Instructions for the task —
In your copy of the data, omit the pictures and keep all else exactly as given.

Data segment —
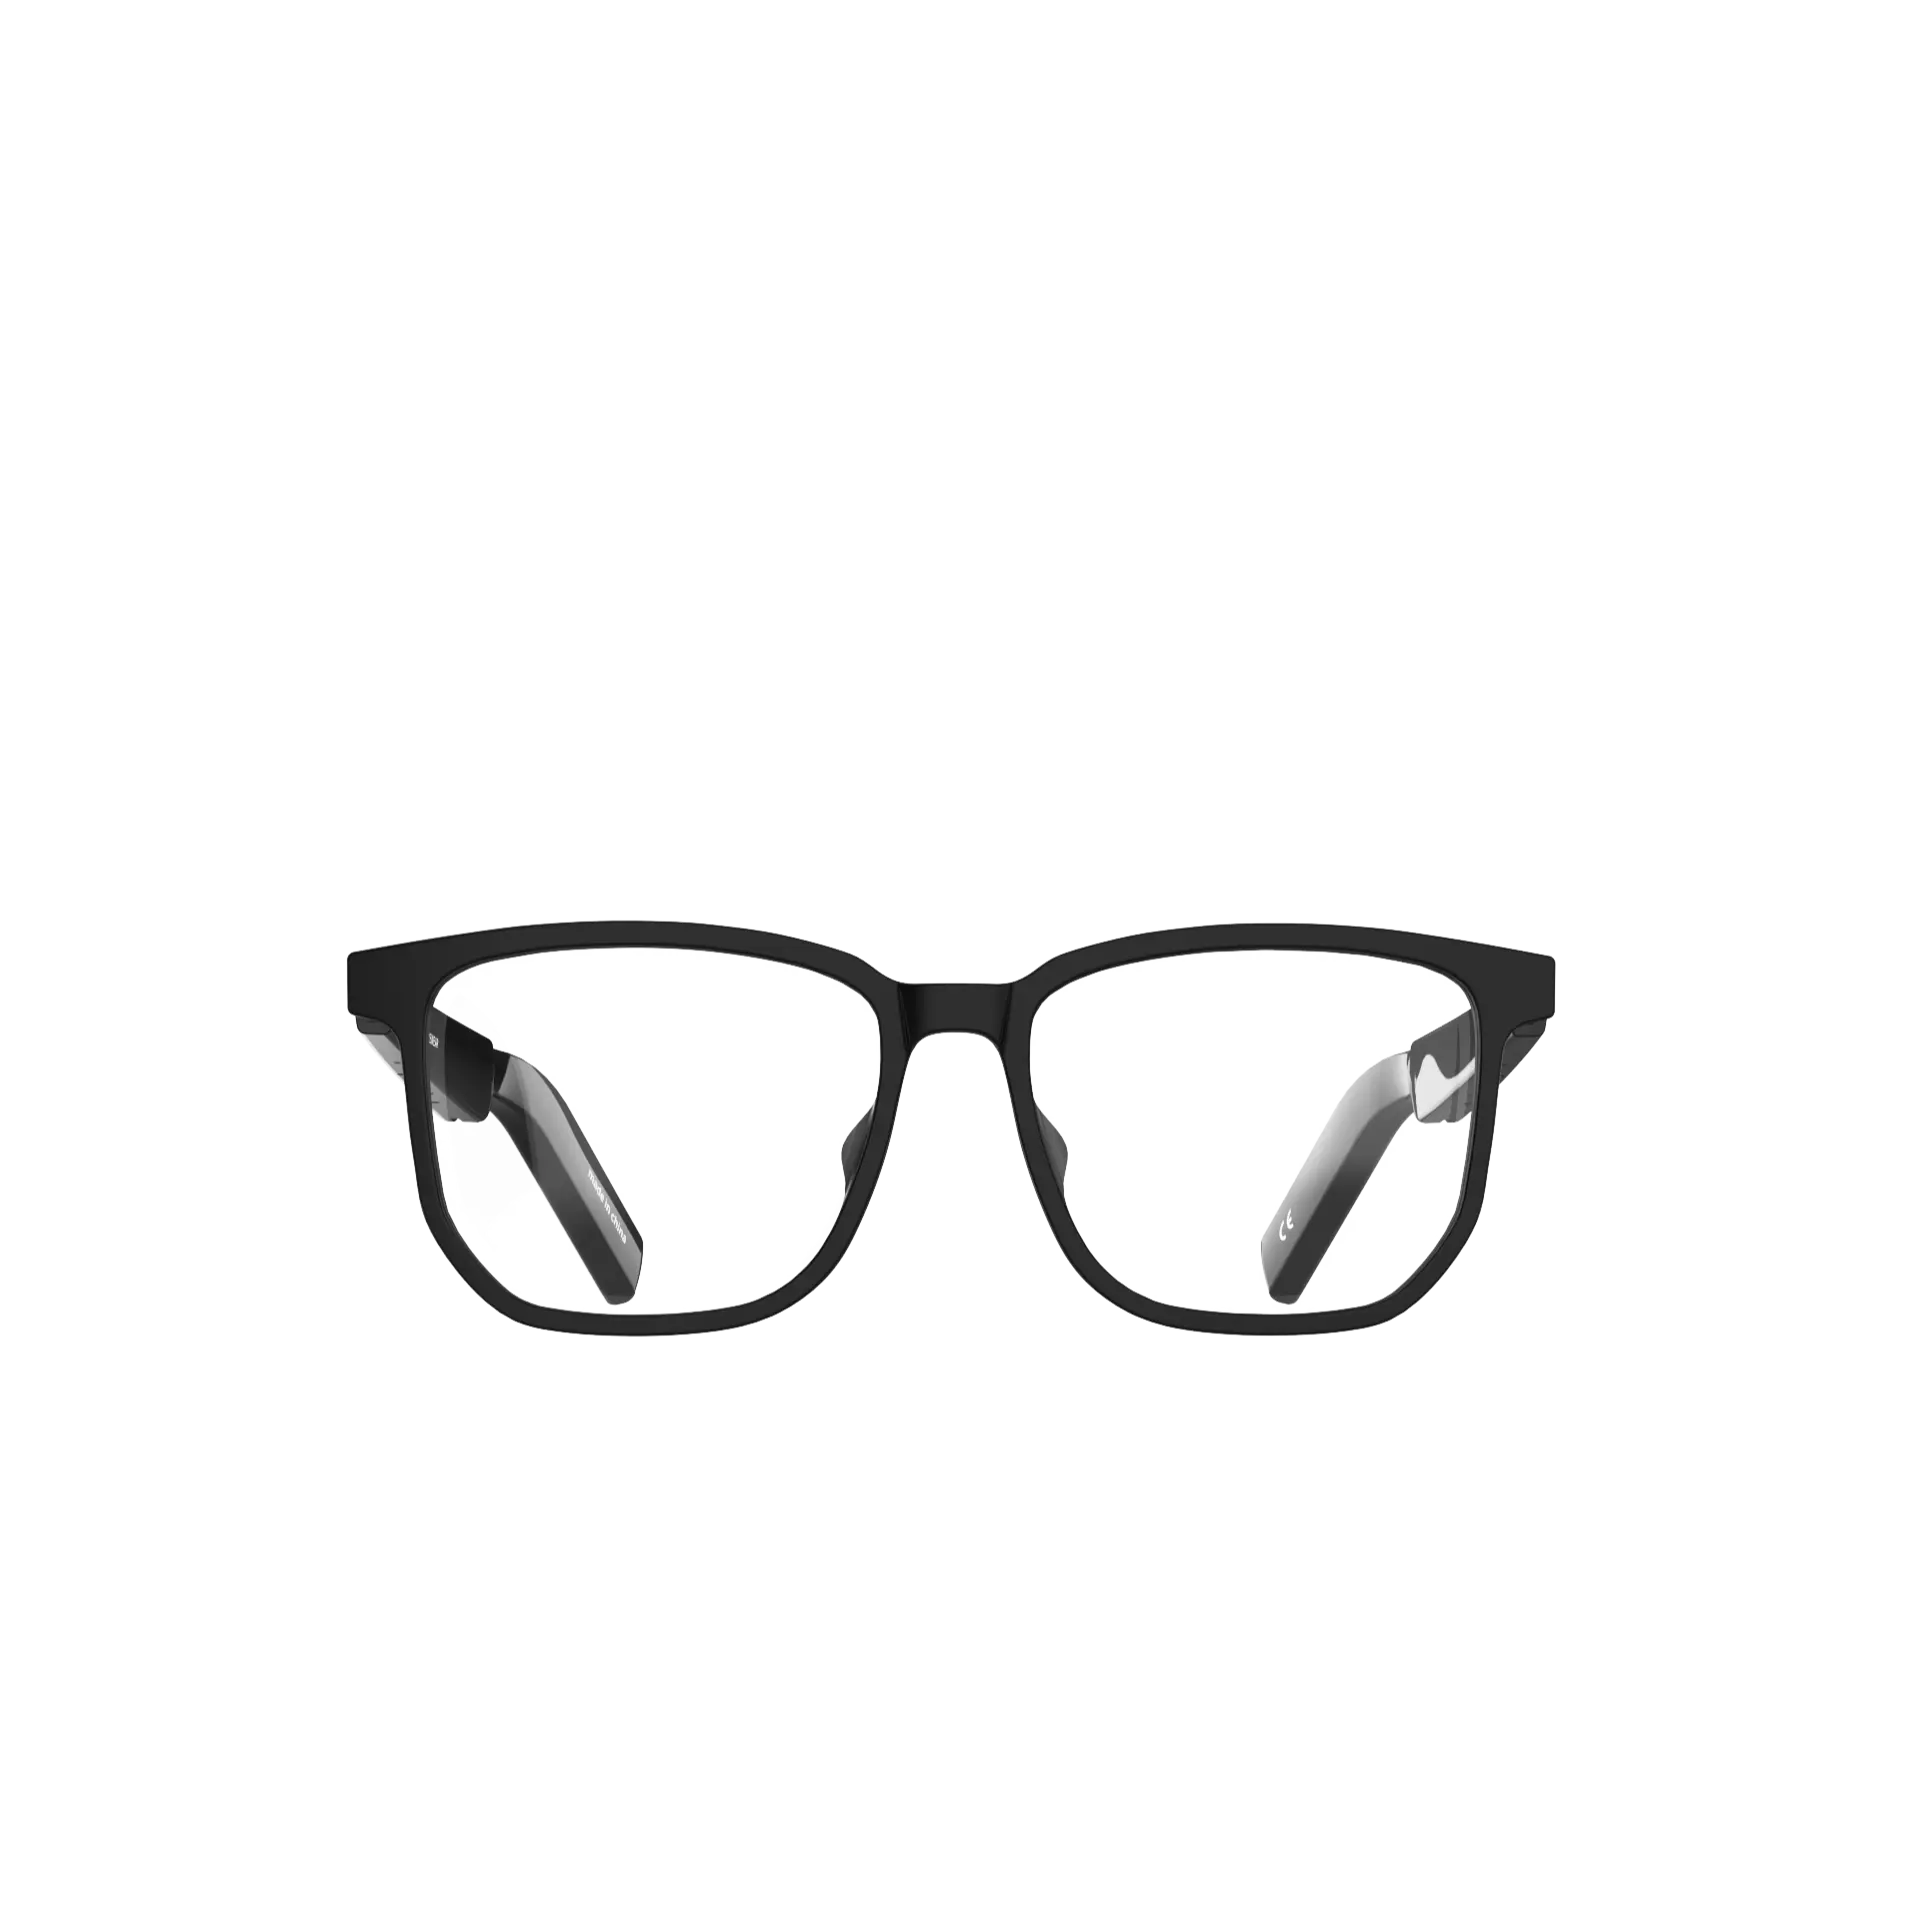 Yeni varış akıllı güneş gözlüğü Anti mavi işık gözler koruma ses Bluetooth hoparlör ile 5.3 gözlük akıllı optik gözlük
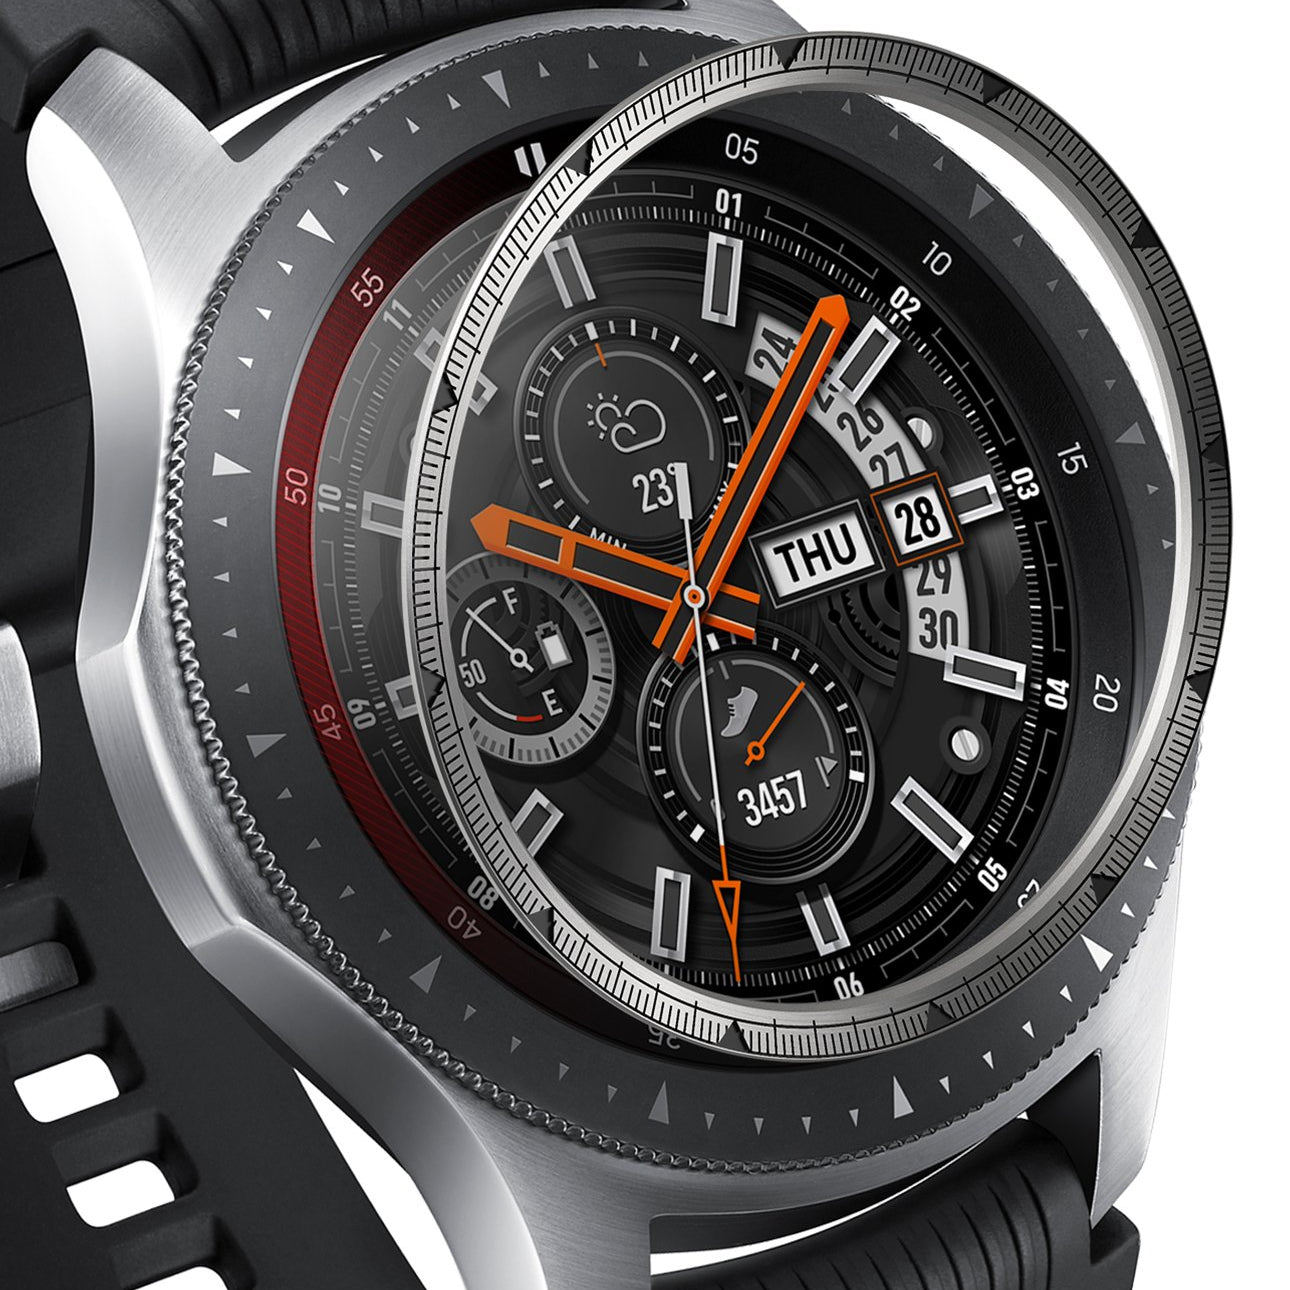 Ringke Inner Bezel Styling for Galaxy Watch 46mm, Gear S3 Frontier, Classic, GW-46-IN-01
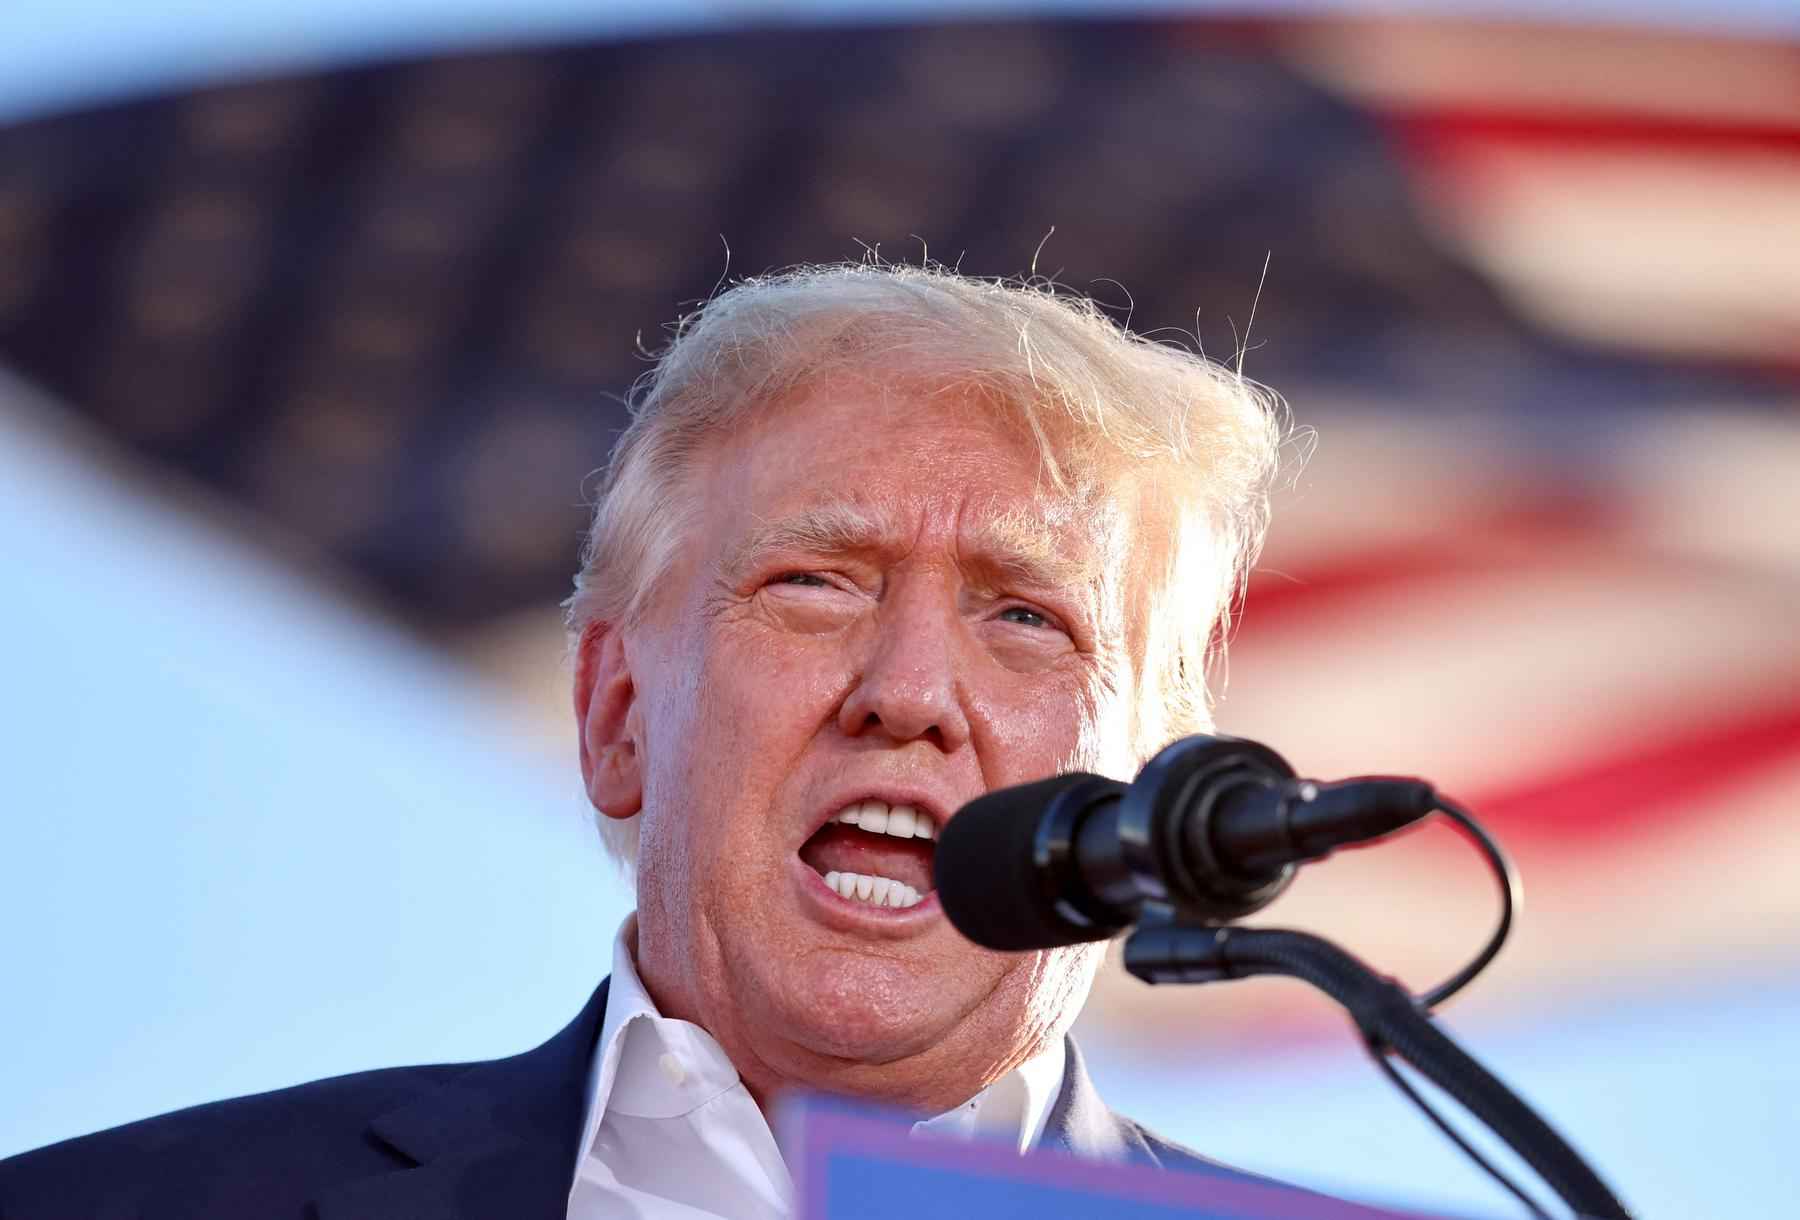 Comitê dos EUA que investiga 6 de janeiro intima Donald Trump a depor - MARIO TAMA / GETTY IMAGES NORTH AMERICA / Getty Images via AFP

Answer box —
 Yeni varış akıllı güneş gözlüğü Anti mavi işık gözler koruma ses Bluetooth hoparlör ile 5.3 gözlük akıllı optik gözlük
 Ringke Inner Bezel Styling for Galaxy Watch 46mm, Gear S3 Frontier, Classic, GW-46-IN-01
 Comitê dos EUA que investiga 6 de janeiro intima Donald Trump a depor - MARIO TAMA / GETTY IMAGES NORTH AMERICA / Getty Images via AFP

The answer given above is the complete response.